[2024-patches] invalid MCTruth information when using production.hlt2

cc @sesen for comment, not sure how this affects plans for centralised Hlt2 MC processing.

Context

@mengzhen noticed lhcb-datapkg/AnalysisProductions!1111 (comment 8304649) that the Jpsi_TRUEID variable was surprisingly zero in many cases when following the suggestion from Example AP's 24c2 options. (These options are themselves based on the Moore docs and were updated following !3620 (merged)).

I spent some time locally reproducing the result and narrowed down the issue to the Hlt2 configuration (i.e. MC->HLT2->Tuple recreates the issue).
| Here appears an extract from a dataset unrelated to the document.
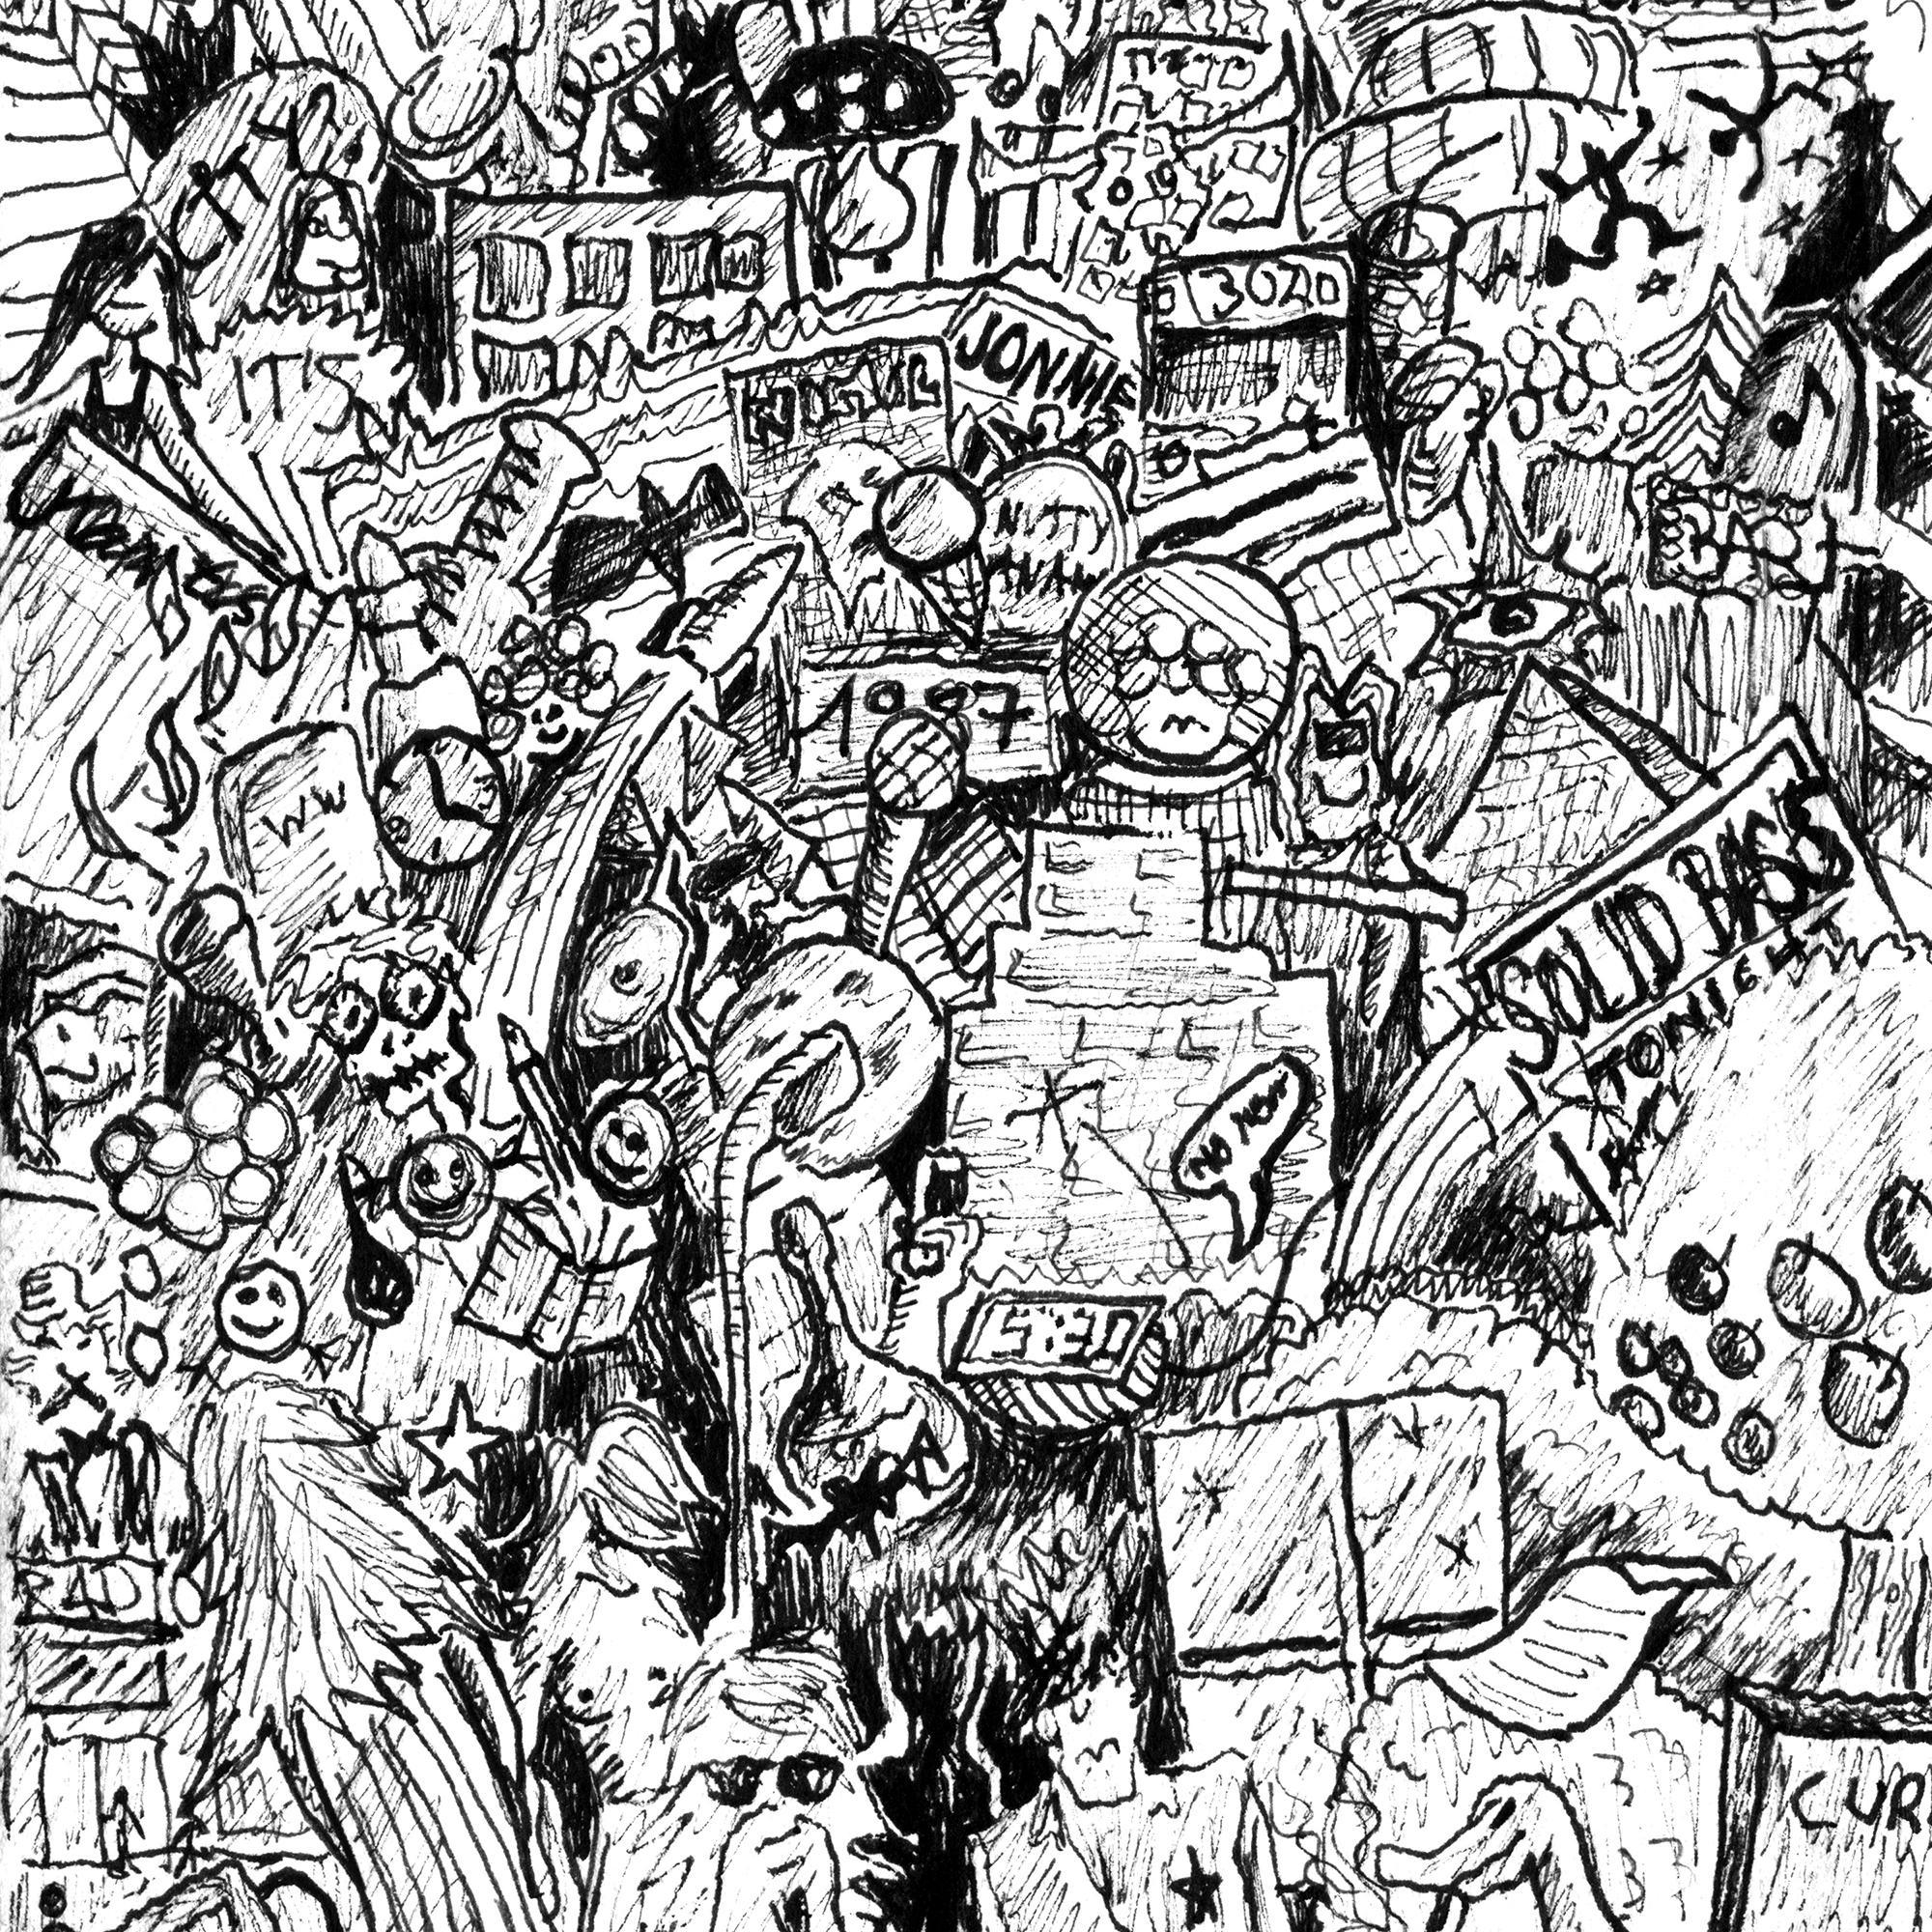 Matias Aguayo & The Desdemonas: Sofarnopolis

Specifically it seems to be caused by using production.hlt2 rather than Moore.run_moore.

Moore/v55r11 and DaVinci/v64r8 was used, but I did a quick cross-check with Moore/v55r11p3 had no noticeable effect.
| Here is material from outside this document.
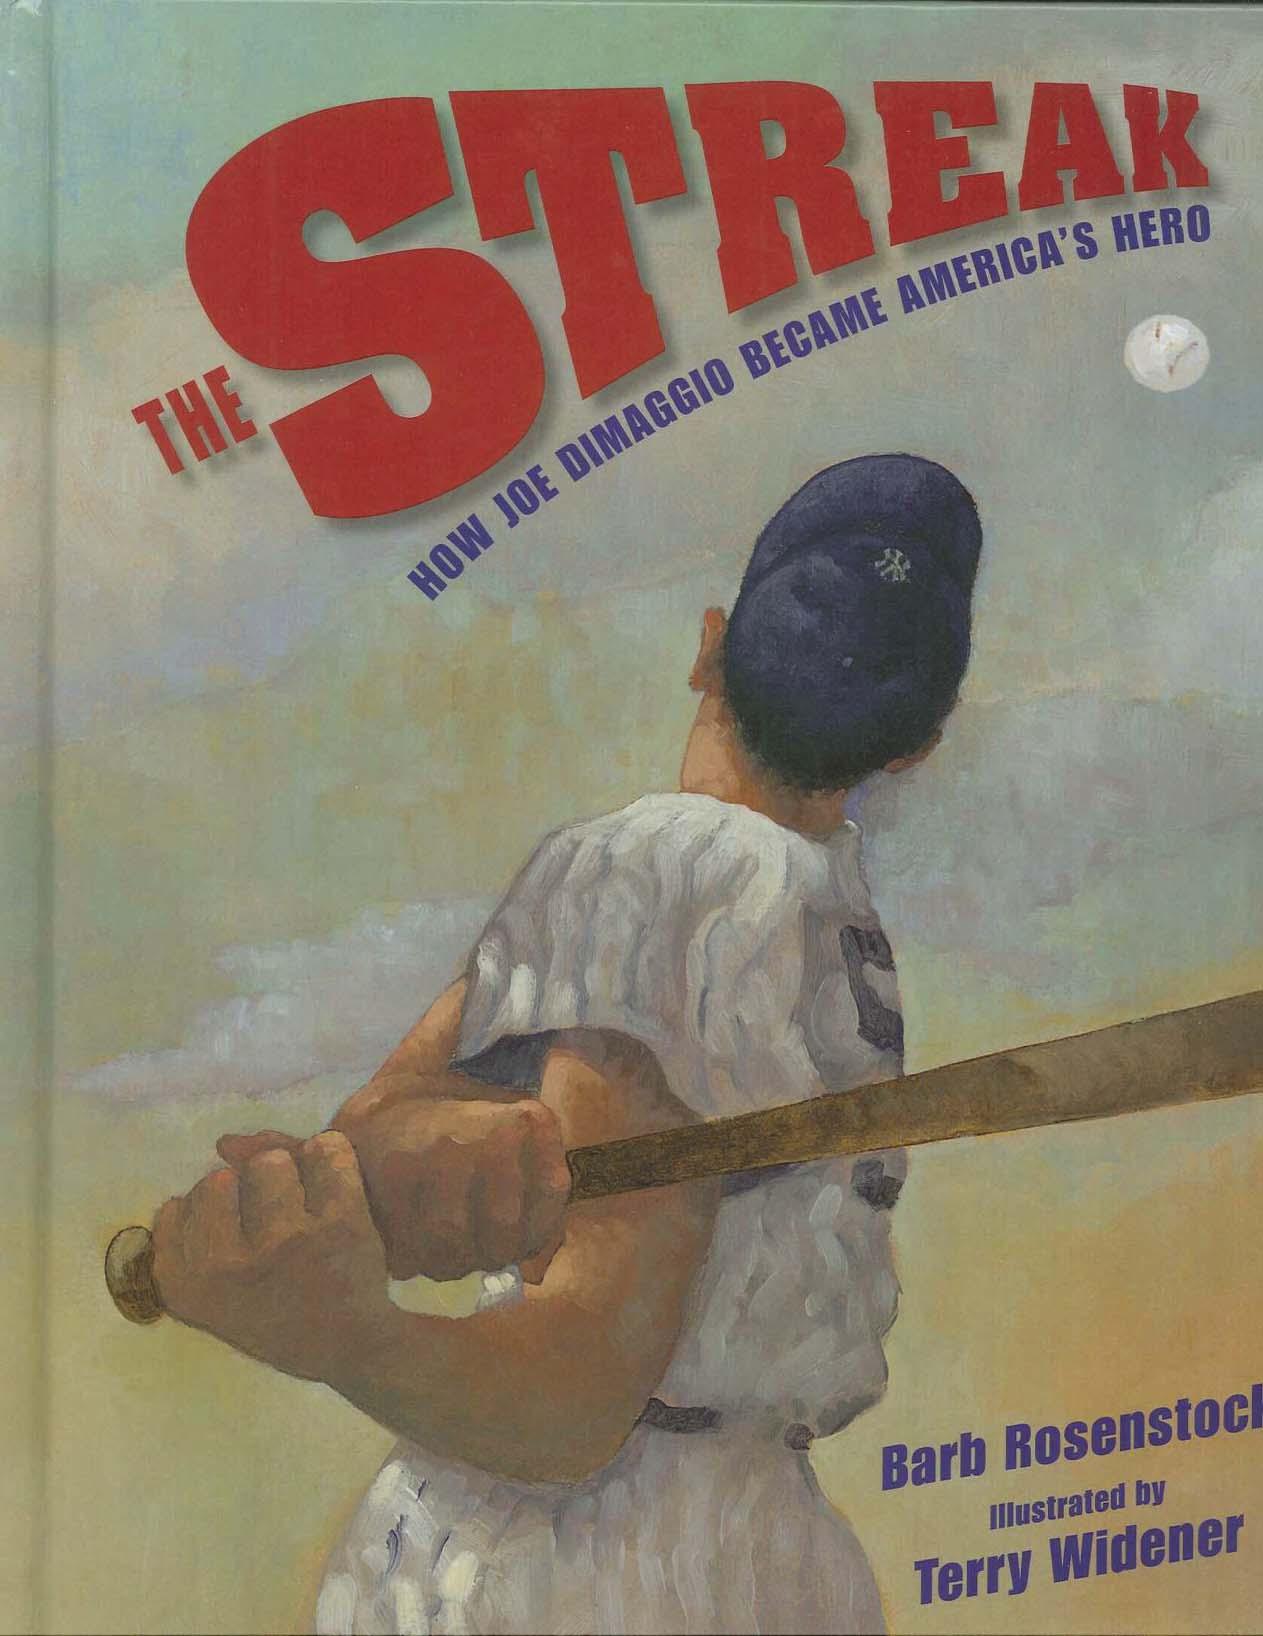 celebrate-picture-books-picture-book-review-the-streak-how-joe-dimaggio-became-america's-hero-cover

Further description of the symptoms

When using run_moore directly , I see that the Jpsi_TRUEID is filled well {'all events': 54, 'non-zero events': 53, 'non-zero fraction': 0.9814814814814815}

run_moore directly

def make_streams():
    lines = [qee_quarkonia_lines['Hlt2QEE_JpsiToMuMu_Detached']()]
    streams = [Stream(lines=lines, routing_bit=99,)]
    return Streams(streams=streams)


def main(options: Options):
    public_tools = [
        trackMasterExtrapolator_with_simplified_geom(),
        stateProvider_with_simplified_geom()
    ]
    with reconstruction.bind(from_file=False),\
         get_default_hlt1_filter_code_for_hlt2.bind(code=""),\
         config_pp_2024():

        run_moore(options, make_streams, public_tools=public_tools)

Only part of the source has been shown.